When life gives you lemons, you make tequila-based cocktails. And as weeks became months became nearly a full year, Followill found himself continuing to sit on the sidelines, waiting out the global pandemic, holed up in his home.

"I was a freak, man. I didn't leave my house for maybe five, six months," he says.

But he made the most of domestic life. He cooked a lot of meals, using ingredients from his home garden, designing meals around the music he was listening to, whether it was Yo La Tengo, the Band or Neil Young. He played his kids — 8-year-old Dixie Pearl and 2-year-old Winston Roy — old country records, hoping to educate them on the roots of country music ("they weren't into it," he says). And he spent the most time he ever had at home with his wife, whose modeling career usually keeps her on the road, when he's not on the road living the rock star life.
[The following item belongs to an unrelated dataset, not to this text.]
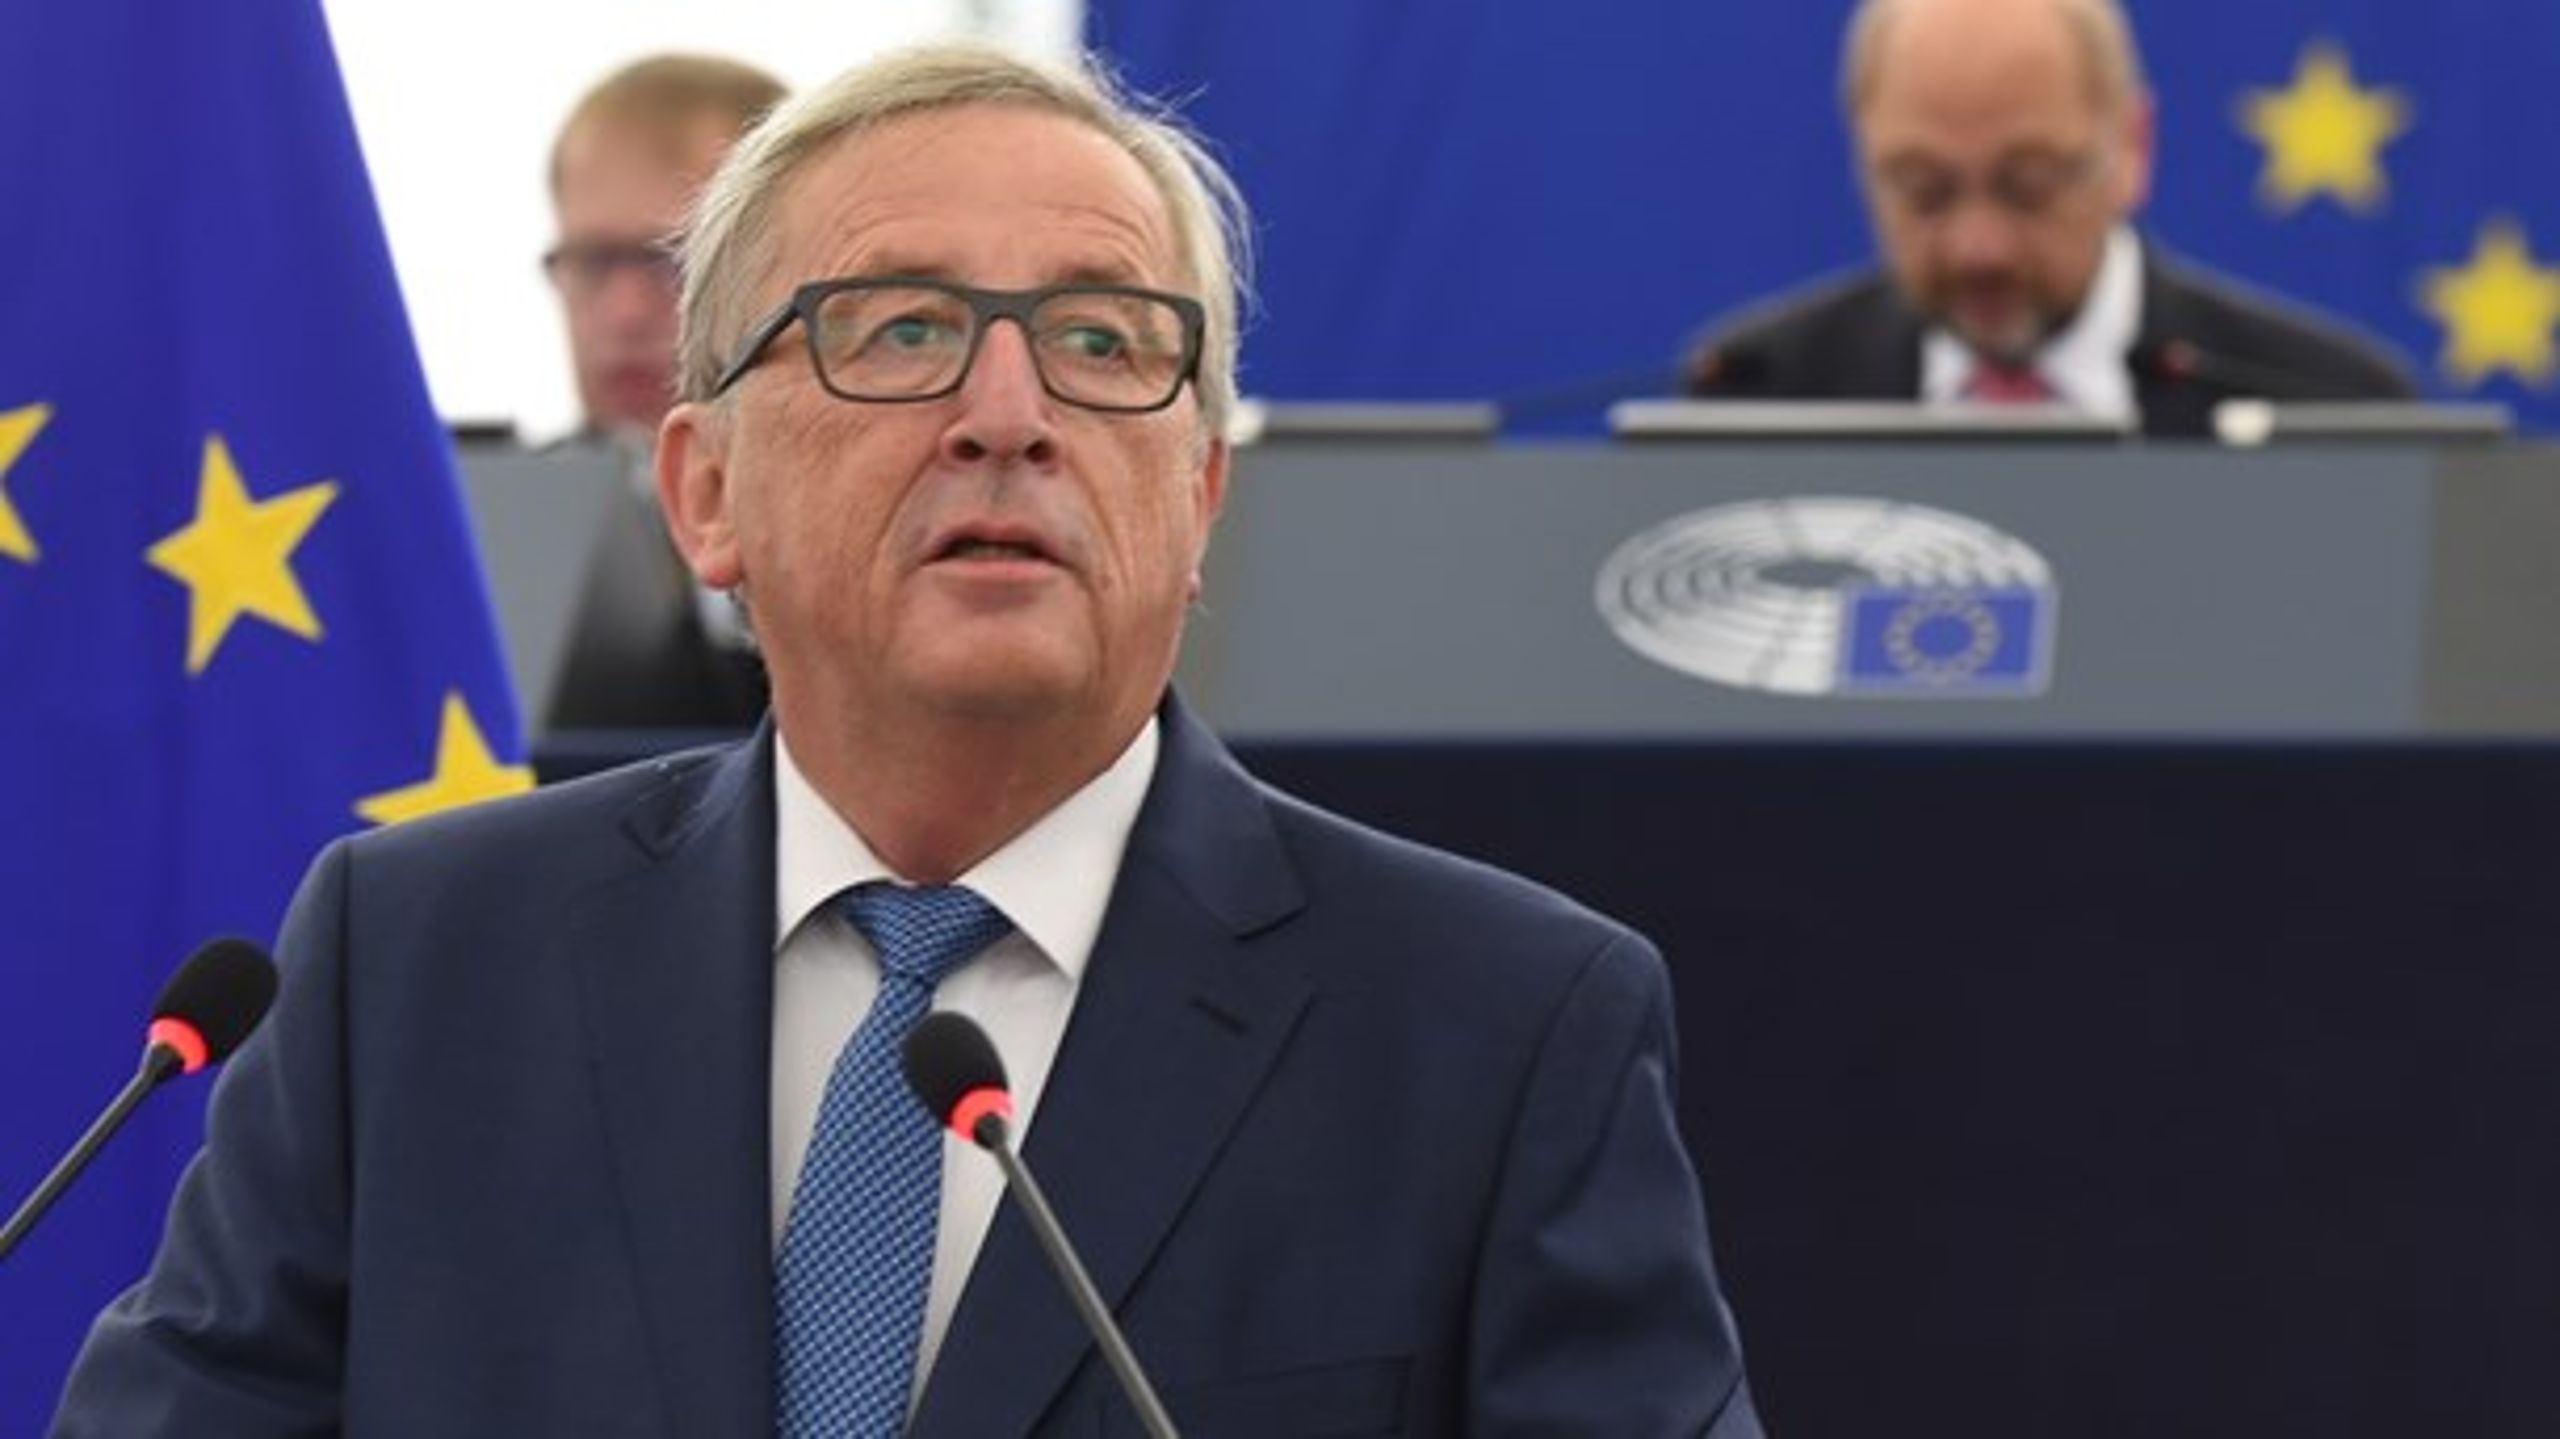 Kommisionen har med formand Jean-Claude Juncker i spidsen besluttet at&nbsp;øge EU's budgetter de kommende år. Det betyder flere penge til kamp mod arbejdsløshed og migration.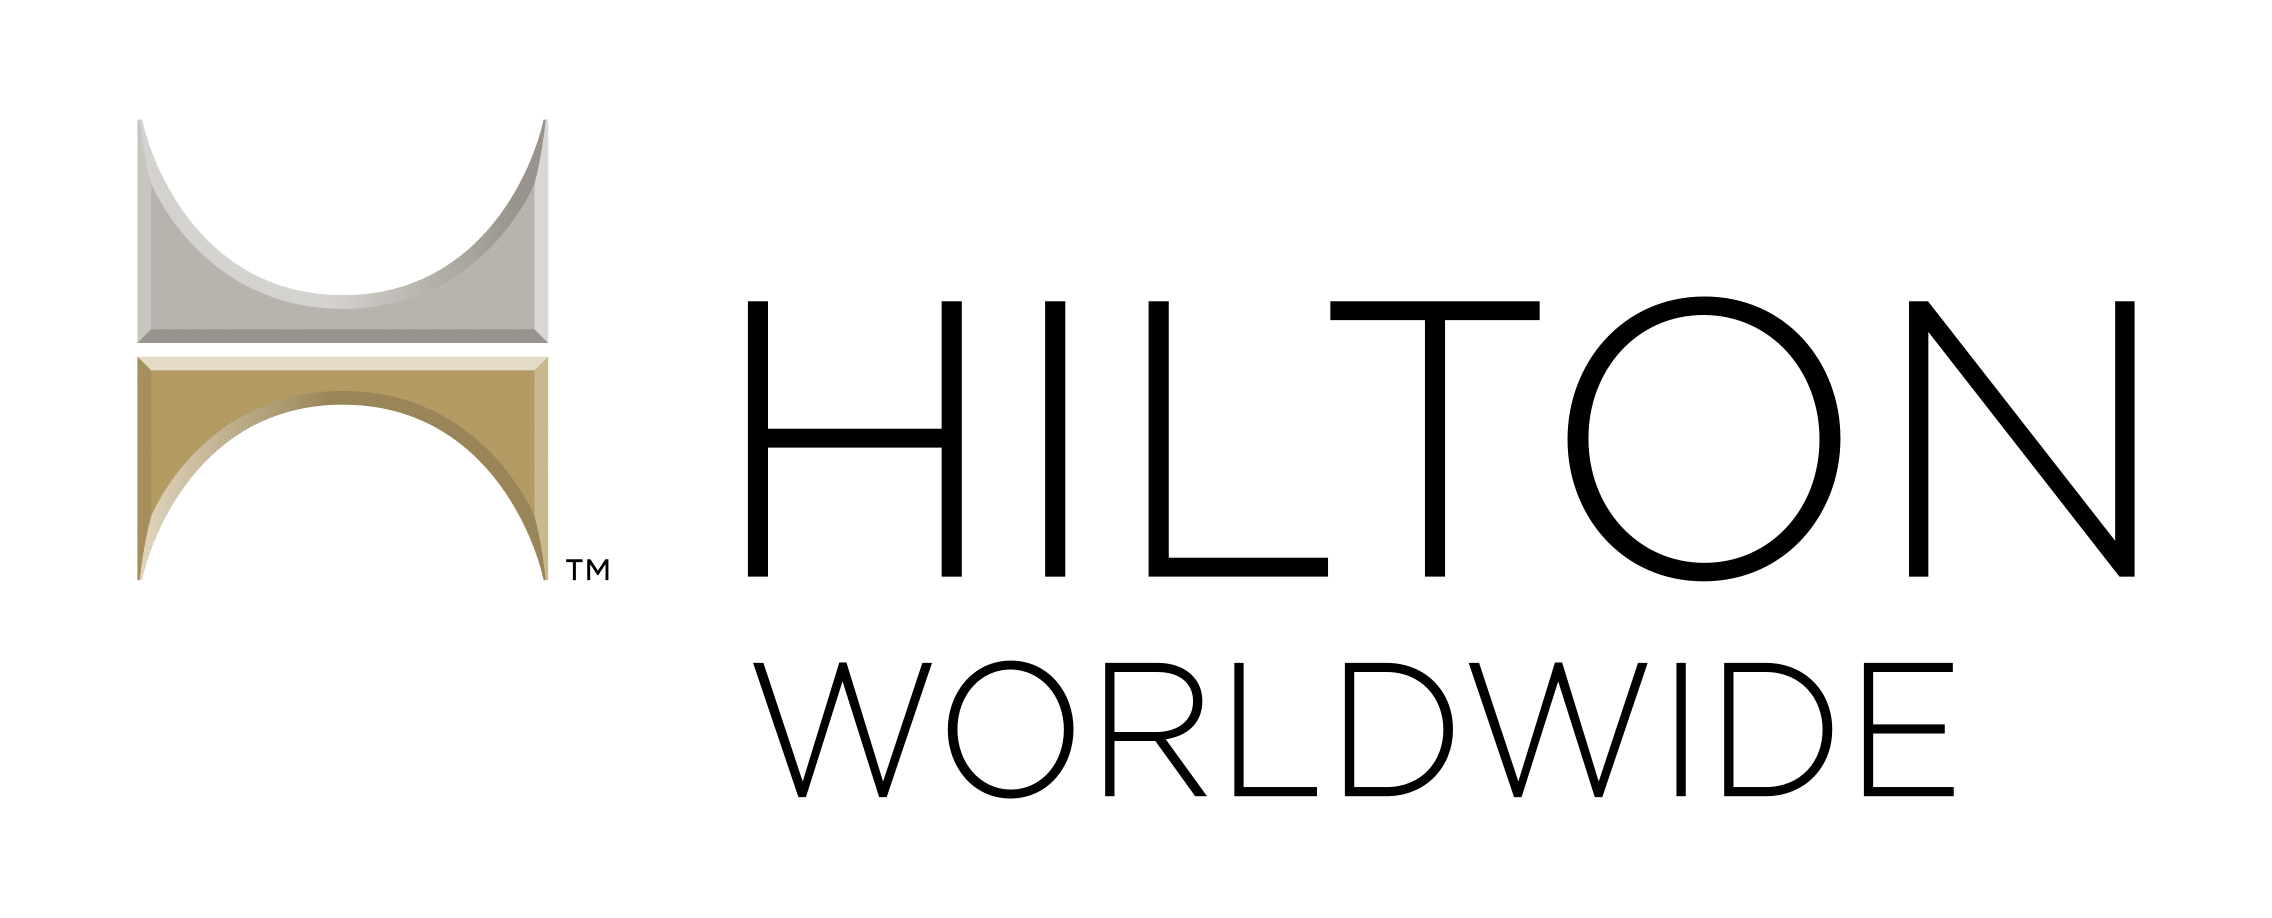 Hilton-Worldwide-logo-and-wordmark-2

The couple celebrated their 10th wedding anniversary in May.

"I look back on it and it was kind of a relaxing time," Followill says. "I was freaking out the whole time, but now I look back and I wish I would have just allowed myself to enjoy my naps a little more."

There are less naps now that the band — Followill, his brothers Matthew (guitar) and Jared (bass) and his cousin Nathan (drums) — is back in full swing. That album that was in the can, the subtle, roots-y "When You See Yourself," was teased by the arrival of two singles, "The Bandit" and "100,000 People," back in January. It was released in March, and the band is now back on the road for its first tour since 2019.

The band was in tour rehearsal in late July, "kicking off the cobwebs," Followill says, practicing for a career-spanning set that touches on each of the group's eight studio albums. (Matthew and his wife had a baby last month and is not on the road with the group; touring member Timothy Deaux will fill his role.)

The goal is a fun-in-the-sun summertime show, a playful return to live performances, which is getting tough as COVID-19 and its delta variant cousin are wreaking havoc on the live touring industry.

"I feel like we're about to be out walking around with landmines all around us," Followill says, "and to get out without stepping on one, that's going to be a miracle."

He describes himself as a "ball of nerves" as fears mount that the band will have to cancel individual shows or perhaps the entire tour.

"But there's also that thought of, let's go enjoy this, because if the tour would end up stopping in the middle of it, I want to make we sure enjoyed every second we had out there," Followill says. "Hopefully everyone stays safe and we get to do it and don't have to come back home in the middle of it." (His time at home has him dreaming of songwriting gigs or film score work, projects he can tackle at home if he's forced back into another lockdown.)

Kings of Leon have been road warriors for nearly two decades; in Detroit, for example, the group climbed their way up from Hamtramck's Smalls, where they played a show in March 2003 supporting their first EP "Holy Roller Novocaine," all the way up to the Palace, where they first headlined in September 2009, at the height of the group's ascent, on the strength of the monster singles "Use Somebody" and "Sex on Fire."

It was that steady, one-rung-at-a-time climb — in between they played support shows (opening for the Strokes), club and theater concerts (Clutch Cargo's, Royal Oak Music Theatre, the Fillmore Detroit) and local festivals (Tastefest) — that taught them the ropes of live performance and allowed them to roll with the punches, whatever they may be.

"Without stepping stones and the experiences, I feel like it's not good on your brain," says Followill, who turns 40 in January. "We kind of worked our way through it, but I feel like even we didn't spend as much time in the smaller rooms as we could have. I think it's good to roll your sleeves up and go from a room with no one in it to filling it. Putting in the work."